22 juin 2020

QUE FAIRE POUR OBTENIR LA RÉOUVERTURE DES BOITES DE NUIT ?

Note d’information – Juin 2020

Malgré la fin annoncée du régime de l’Etat d’urgence sanitaire, les boites de nuit ne pourront à nouveau ouvrir avant septembre prochain.

Bien que des mesures aient été prises sur le plan économique (PGE, report de charges sociales, mesures de chômage partiel,….), la situation actuelle est devenu dramatique pour le milieu de la nuit.

Beaucoup d’établissements ont plus de 10 salariés, ou font plus d’1 m€ de CA, et sont déjà endettés (pour leurs investissements courants, l’acquisition de leur fonds de commerce…), et sont donc exclus d’un certain nombre de mesures (fonds de solidarité, report des loyers, accès aux PGE).
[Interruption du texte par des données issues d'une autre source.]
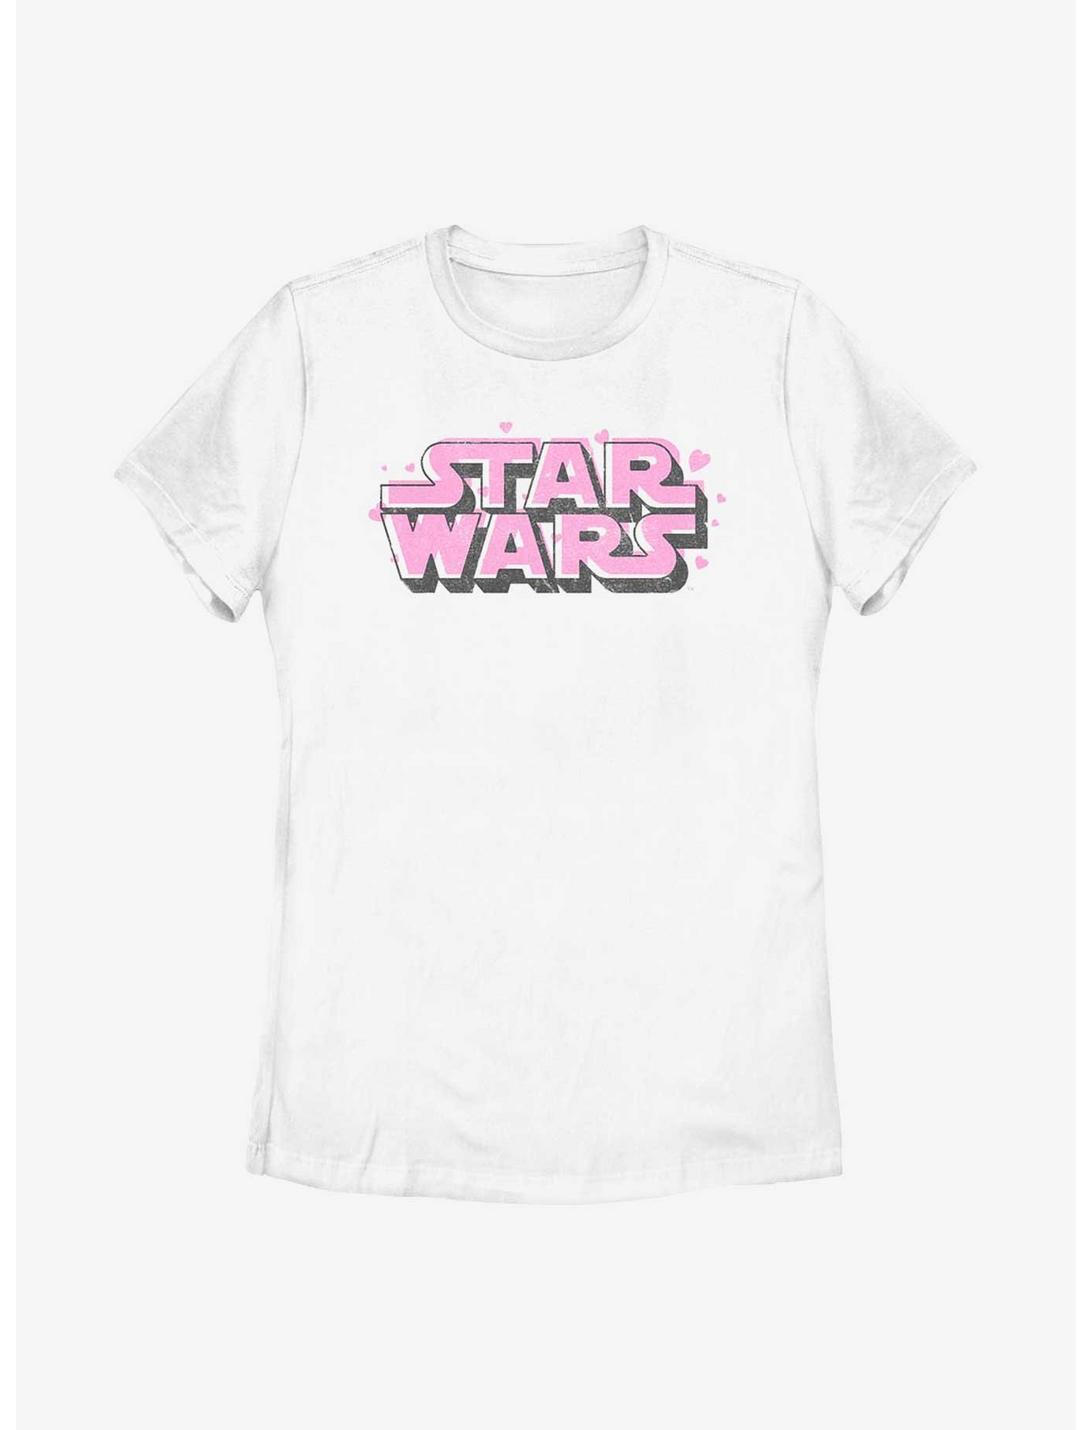 Star Wars Floating Hearts Logo Womens T-Shirt, WHITE, hi-res

Mais surtout, la décision de fermeture obligatoire, prise par le Premier Ministre depuis le samedi 14 mars avec effet immédiat ou presque (à minuit) et le flou quant à une date de réouverture au public et les conditions dans lesquelles cette réouverture serait possible, montrent à quel point, ce secteur est aujourd’hui en danger de mort.

Beaucoup d’analyses ont fait part de l’inadaptation des mesures gouvernementales par méconnaissances du secteur, mesures totalement irrespectueuses des libertés fondamentales et des droits inaliénables tels que le droit de propriété.

Si, certains tentent d’obtenir des accords transactionnels avec leur compagnie d’assurance, il existe d’autres moyens juridiques pour tenter d’obtenir l’ouverture « forcée » de ces établissements et à tout le moins faire reconnaître une responsabilité de l’Etat dans les décisions qu’il a prises et d’obtenir, en cas de condamnation de l’Etat, une réparation du préjudice économique par l’octroi de dommages et intérêts en sus de tout accord transactionnel avec l’assureur.

Description de ces deux actions :

  • Obtenir la réouverture des boites de nuit : l’introduction d’un « référé-liberté » devant le Conseil d’Etat

Cette requête devant le Conseil d’Etat vise à contraindre l’Etat, dans un délai de décision très court, à adopter toutes les mesures dont il dispose pour éviter la violation des libertés fondamentales et des droits inaliénables, tels que la liberté d’entreprendre. Dans cette requête il est possible d’enjoindre le gouvernement à lever la fermeture administrative. En pratique, cette procédure a été très utilisée pendant la période d’état d’urgence sanitaire avec des succès et des échecs. Toutefois, son efficacité est liée à sa rapidité. Il est constaté, à ce jour, une prise de décision de la Haute juridiction française dans un délai de 10 jours maximum.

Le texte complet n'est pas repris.